Articles
10 August 2017

EUR/CHF: Welcome back, the Swiss franc

EUR/CHF is starting to trade like its old self again.  

Coming back in from the cold

For many, the Swiss National Bank's imposition of a currency floor in 2011, and the floor’s haphazard removal in 2015 damaged the Swiss Franc’s (CHF) reputation as a liquid, free-floating currency. Yet there are signs the CHF is coming back in from the cold and a sense of normality is returning. We think there are two key implications here:

  • EUR/CHF will rekindle its correlation with risk
  • A return to more normal conditions, arguably for the first time since 2008, makes a case for EUR/CHF returning to more normal levels next year - potentially even 1.30

Turnover in spot EUR/CHF Over-The-Counter (OTC) transactions fell 40% between 2013 and 2016 compared to a mere 5% decline for all currency pairs over the same period. But ever since the ECB President, Mario Draghi’s June speech effectively sounded the ‘all-clear’ on the Euro, our short term fair value EUR/CHF model points to sharply rising EUR/CHF correlation with risk – particularly its correlation to world equity prices (Fig 1). And that correlation has returned to the highest levels since 2011 – shortly before the SNB imposed the 1.20 EUR/CHF floor. That the correlation is rising at a time that EUR/CHF is rising, not falling as it was in 2011, is notable.
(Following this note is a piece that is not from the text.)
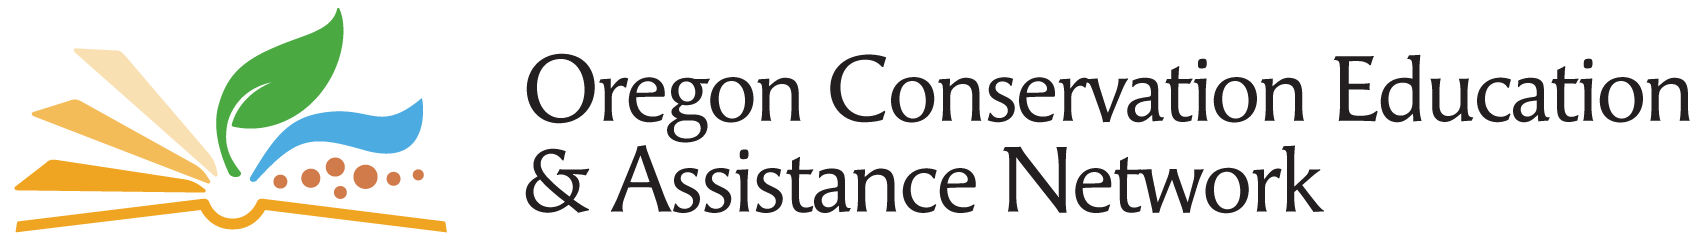 Oregon Conservation Education & Assistance Network
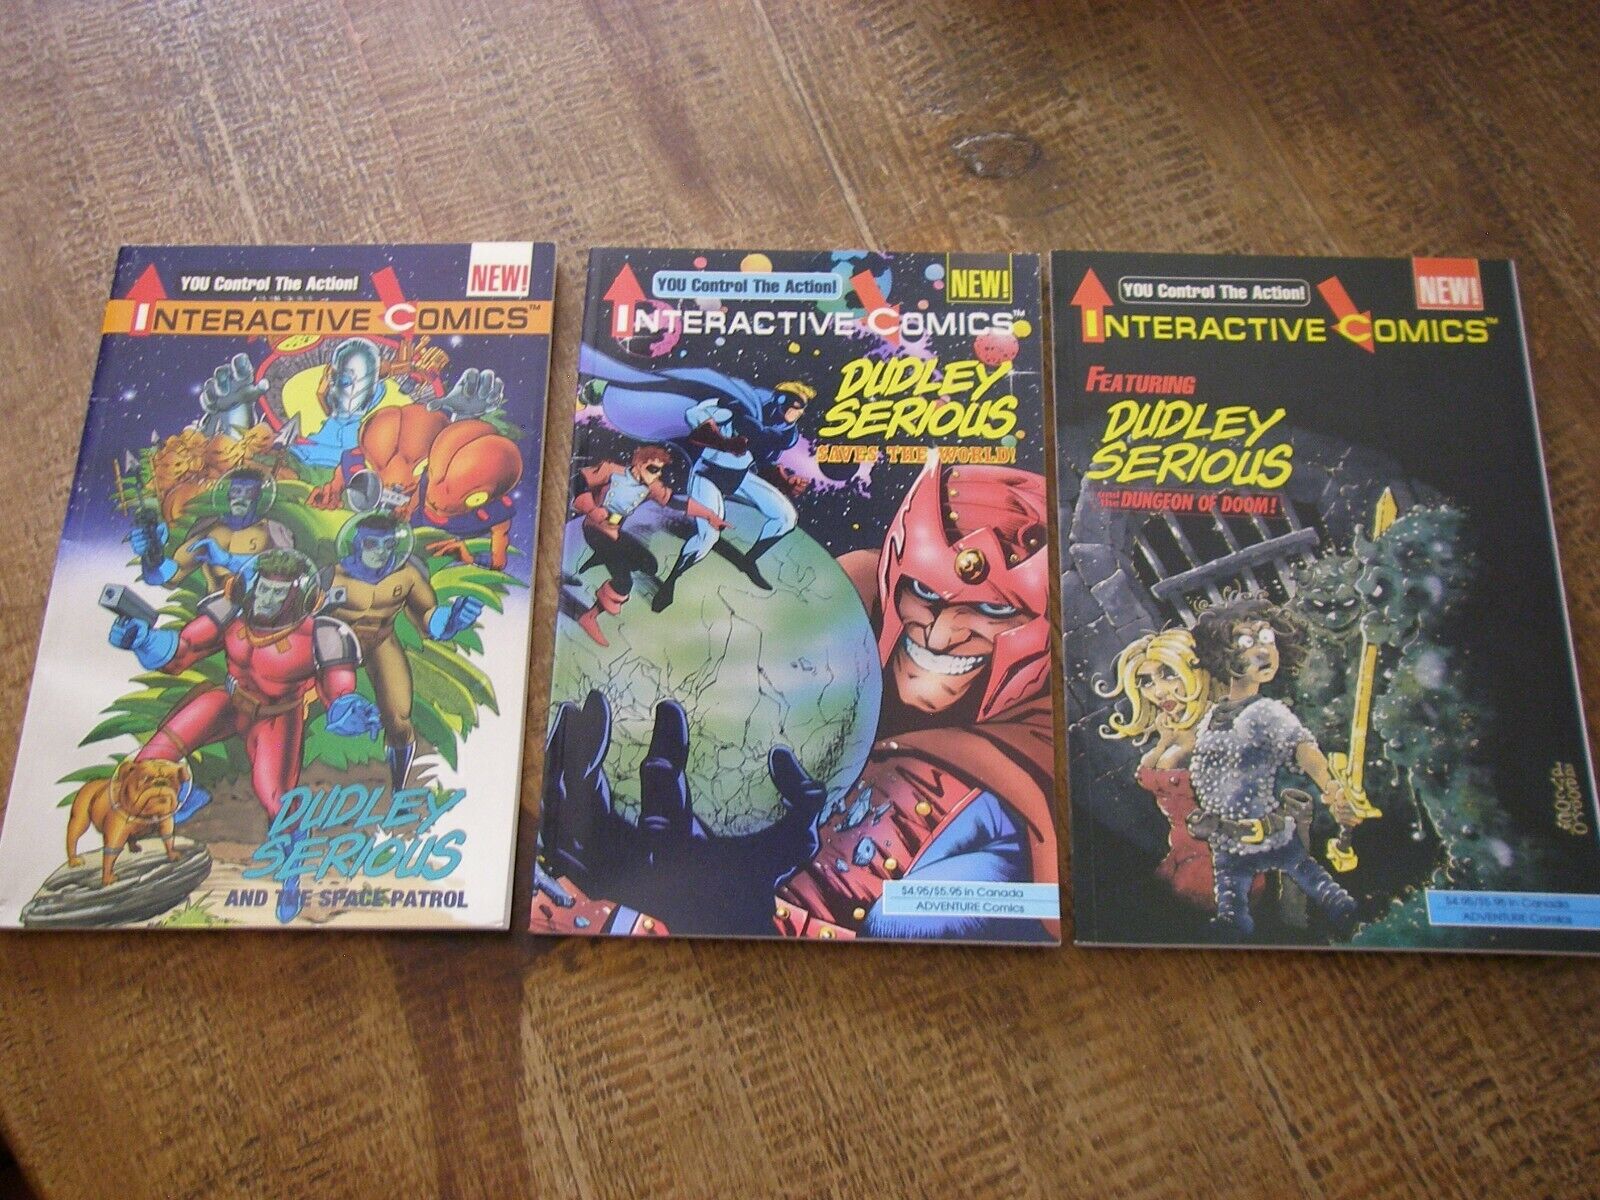 Interactive Comics lot of 3 Dudley Serious prestige comics,Dave Cooper vf/vf/fn+

EUR/CHF rolling correlation (betas) with 4 key variables

 - Source: ING
Source: ING

A regime shift?

With EUR/CHF now way off the 1.06-1.08 levels, where the SNB has most recently been conducting FX intervention (and provided it doesn’t return to these levels to trigger another wave of SNB intervention), the currency is now set free to react to global market drivers. A regime shift seems to be under way. CHF is transforming from a lame duck into its old self, more sensitive to its traditional drivers.

Our short term fair value model also suggests that despite its recovering sensitivity to risk appetite, the late July/ early August move higher in EUR/CHF materially exceeded levels which our model would deem as fair (on a short term basis).

EUR/CHF recently overshot fair value on a short term basis

 - Source: ING
Source: ING

Three reasons we think chances of 1.30 are under-estimated

1: SNB's to actively drive monetary divergence with the ECB

Firstly, he SNB retains its core view that the Swiss Franc is significantly over-valued. Undoubtedly the SNB would like EUR/CHF back above 1.20 and probably above 1.30 as well. One of the SNB’s primary tools for securing 1.20+ levels on EUR/CHF will be to remain consistently dovish in its message, well beyond when the ECB has tapered further (1H18) and raised interest rates (towards the end of 2018). Very low inflation provides good cover for the SNB to leave rates lower for much longer than the ECB, which will very much be the case for the whole of 2018 when Swiss headline CPI runs a full 1% below that of the Eurozone.

We do not expect the SNB to touch its targeted 3m Libor of -0.75% throughout 2018, meaning that interest rate differentials should support EUR/CHF:

  • Initially at the longer end of the curve on the back of ECB QE tapering
  • Then at the shorter end of the curve in the face of eventual ECB depo rate normalization in late 2018.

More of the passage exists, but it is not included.